This example uses the only the first feature of the `diabetes` dataset. 
The coefficients, the residual sum of squares and the coefficient of determination are also calculated.

In [3]:
import numpy as np
from sklearn import datasets, linear_model
from sklearn.metrics import mean_squared_error, r2_score

In [4]:
# Load the diabetes dataset, which contain 10 attributes: age, sex, body mass index, average blood pressure, and six blood serum measurements
# Target is a quantitative measure of disease progression one year after baseline
diabetes_X, diabetes_y = datasets.load_diabetes(return_X_y=True)

print(diabetes_X.shape)
print(diabetes_y.shape)

(442, 10)
(442,)


In [5]:
# Use only one feature
diabetes_X = diabetes_X[:, 0]
diabetes_X = diabetes_X[:, np.newaxis]

print(diabetes_X.shape)

(442, 1)


In [6]:
# Split the data into training/testing sets
diabetes_X_train = diabetes_X[:-20]
diabetes_X_test = diabetes_X[-20:]

# Split the targets into training/testing sets
diabetes_y_train = diabetes_y[:-20]
diabetes_y_test = diabetes_y[-20:]

print(diabetes_X_train.shape)

(422, 1)


In [7]:
# Create linear regression object
regr = linear_model.LinearRegression()

# Train the model using the training sets
regr.fit(diabetes_X_train, diabetes_y_train)

# Make predictions using the testing set
diabetes_y_pred = regr.predict(diabetes_X_test)

print(diabetes_y_pred.shape)

(20,)


In [8]:
# The coefficients
print('Coefficients: \n', regr.coef_)
# The mean squared error
print('Mean squared error: %.2f' % mean_squared_error(diabetes_y_test, diabetes_y_pred))
# The coefficient of determination: 1 is perfect prediction
print('Coefficient of determination: %.2f' % r2_score(diabetes_y_test, diabetes_y_pred))

Coefficients: 
 [306.72757499]
Mean squared error: 5472.26
Coefficient of determination: -0.13


In [9]:
print(regr.score(diabetes_X_test, diabetes_y_test))

-0.13270201630620848


## 2. Polynomial regression: extending linear models with basis functions

One common pattern within machine learning is to use linear models trained on nonlinear functions of the data. This approach maintains the generally fast performance of linear methods, while allowing them to fit a much wider range of data.

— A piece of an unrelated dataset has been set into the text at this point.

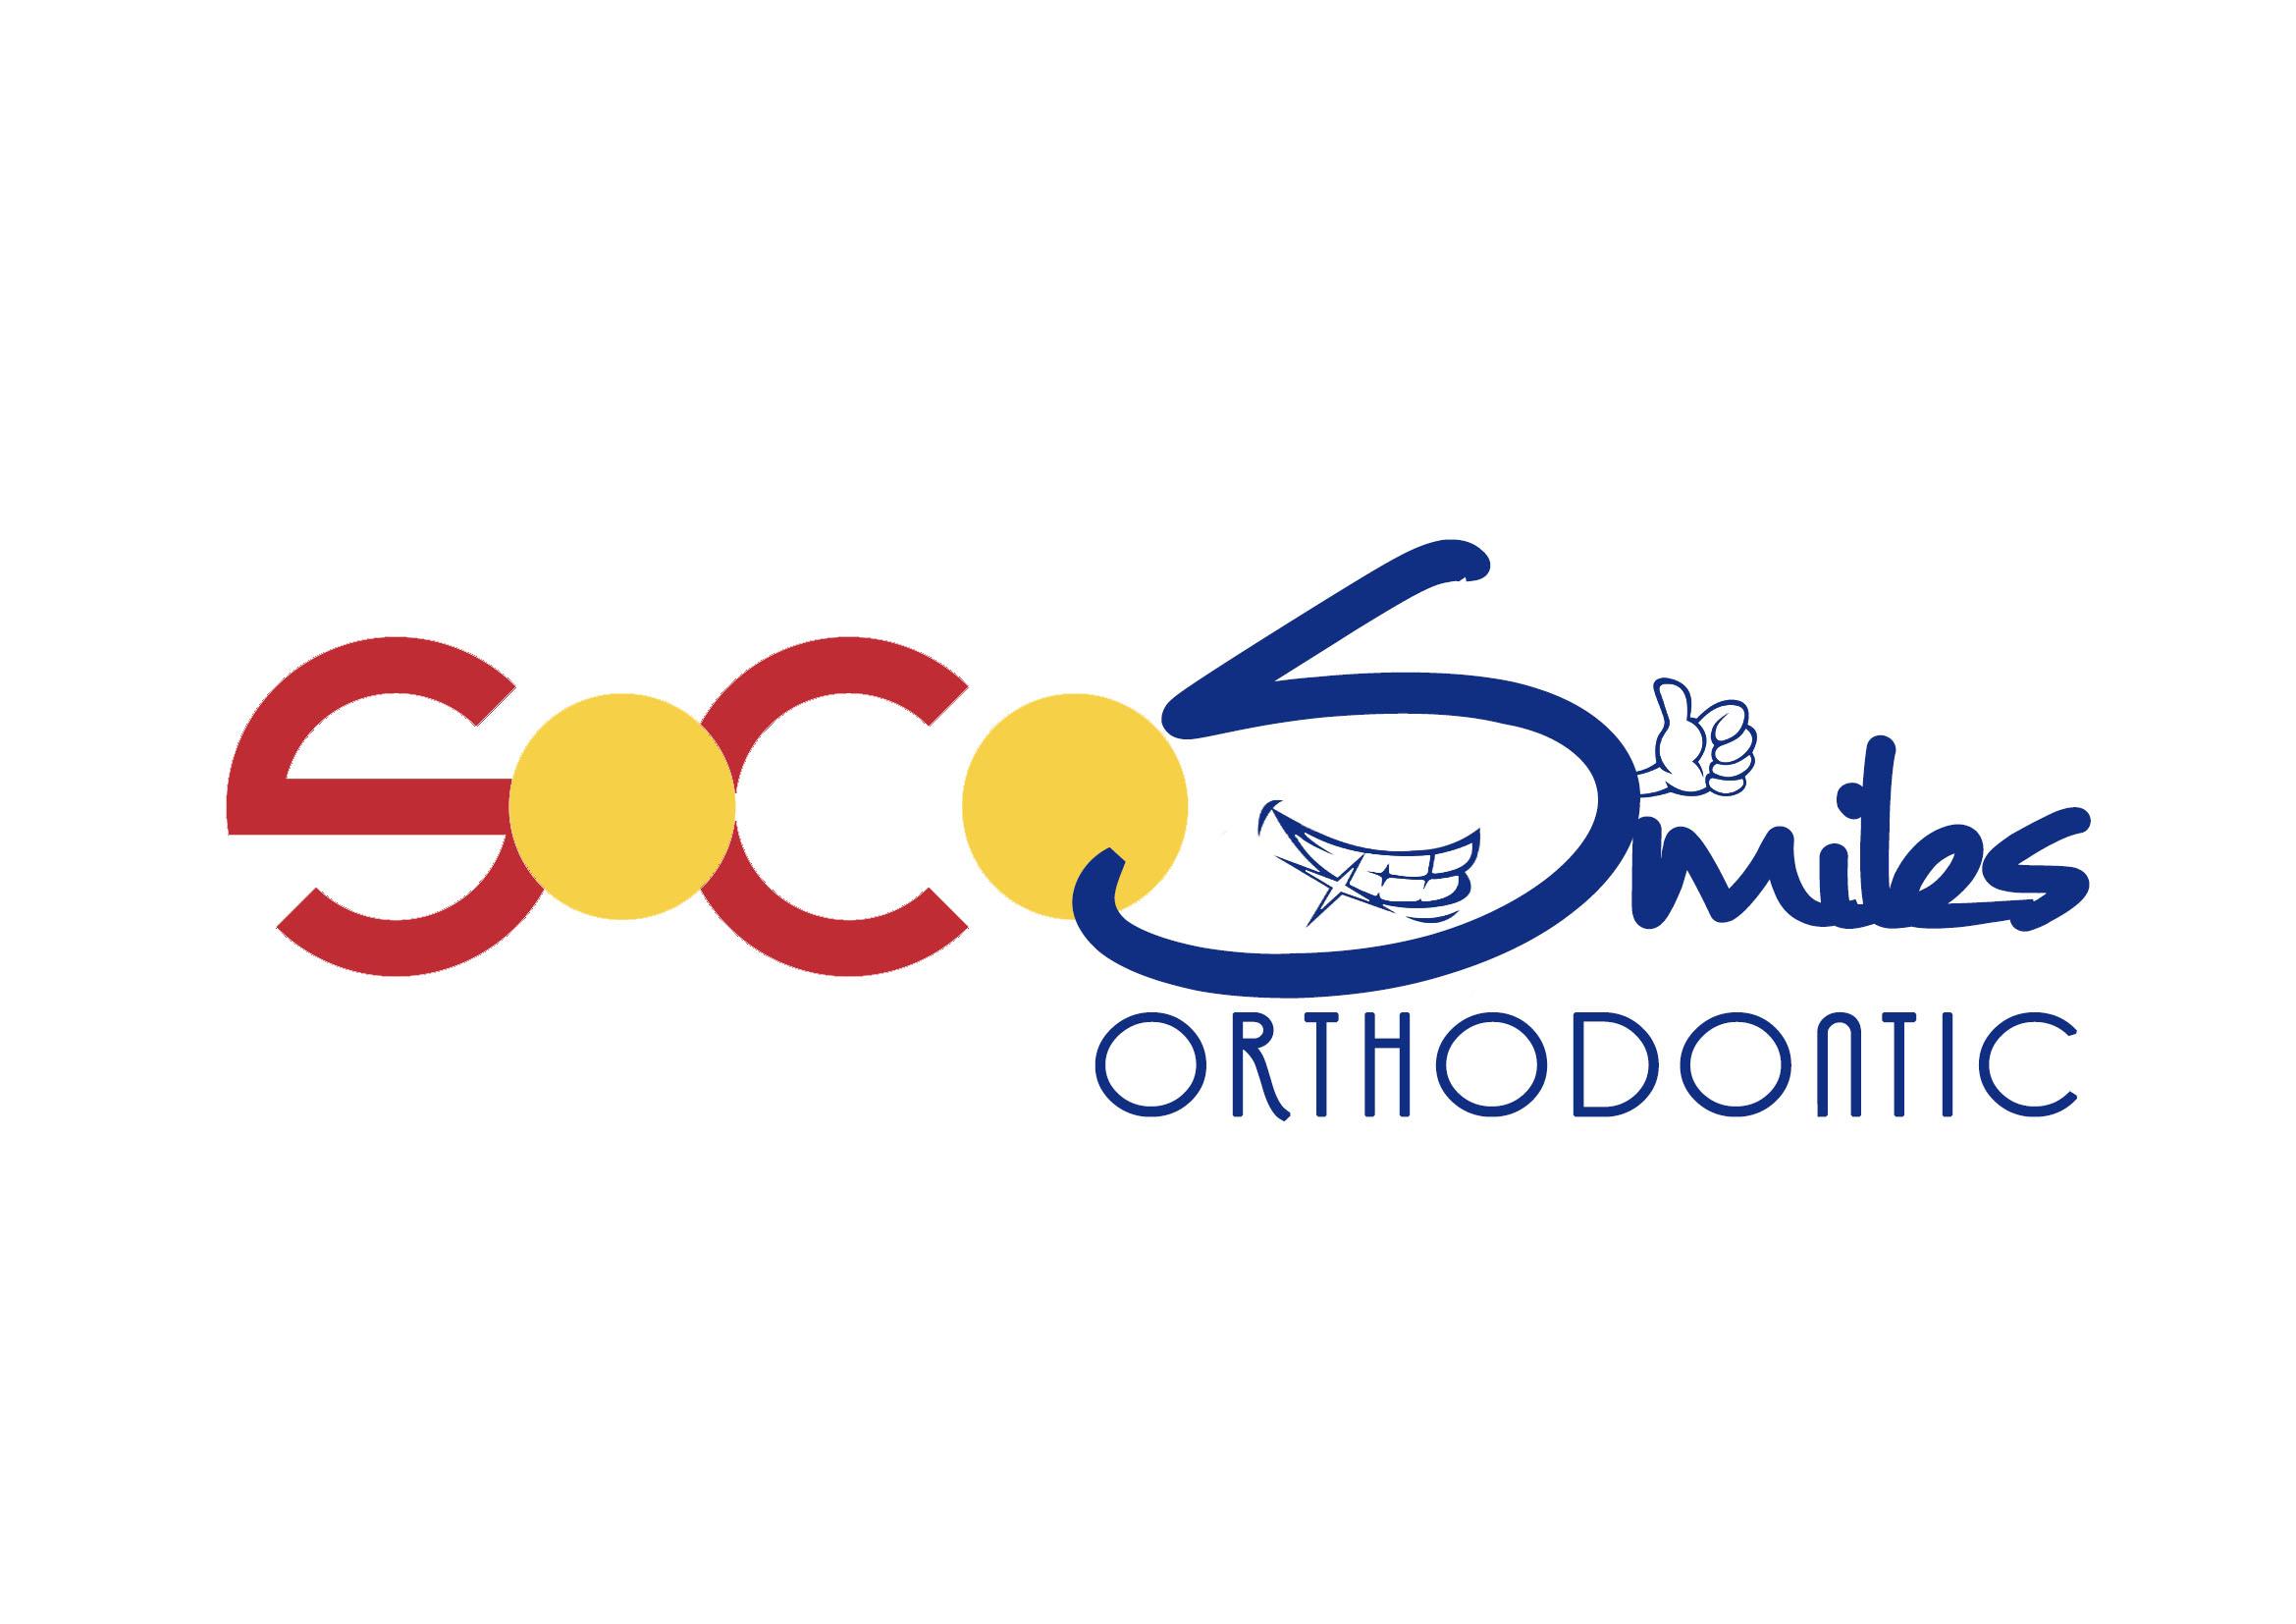 Logo Design by JR Cantos - Entry No. 21 in the Logo Design Contest Unique Logo Design Wanted for SoCO Smiles Orthodontics.

For example, a simple linear regression can be extended by constructing <b>polynomial features</b> from the coefficients. In the standard linear regression case, you might have a model that looks like this for two-dimensional data: 
$$ \hat{y}(w, x) = w_0 + w_1 x_1 + w_2 x_2 $$ 
If we want to fit a paraboloid to the data instead of a plane, we can combine the features in second-order polynomials, so that the model looks like this:
$$ \hat{y}(w, x) = w_0 + w_1 x_1 + w_2 x_2 + w_3 x_1 x_2 + w_4 x_1^2 + w_5 x_2^2 $$
The (sometimes surprising) observation is that this is still a linear model: to see this, imagine creating a new set of features
$$ z = [x_1, x_2, x_1 x_2, x_1^2, x_2^2] $$
With this re-labeling of the data, our problem can be written
$$ \hat{y}(w, z) = w_0 + w_1 z_1 + w_2 z_2 + w_3 z_3 + w_4 z_4 + w_5 z_5 $$
We see that the resulting polynomial regression is in the same class of linear models we considered above (i.e. the model is linear in $w$) and can be solved by the same techniques. By considering linear fits within a higher-dimensional space built with these basis functions, the model has the flexibility to fit a much broader range of data.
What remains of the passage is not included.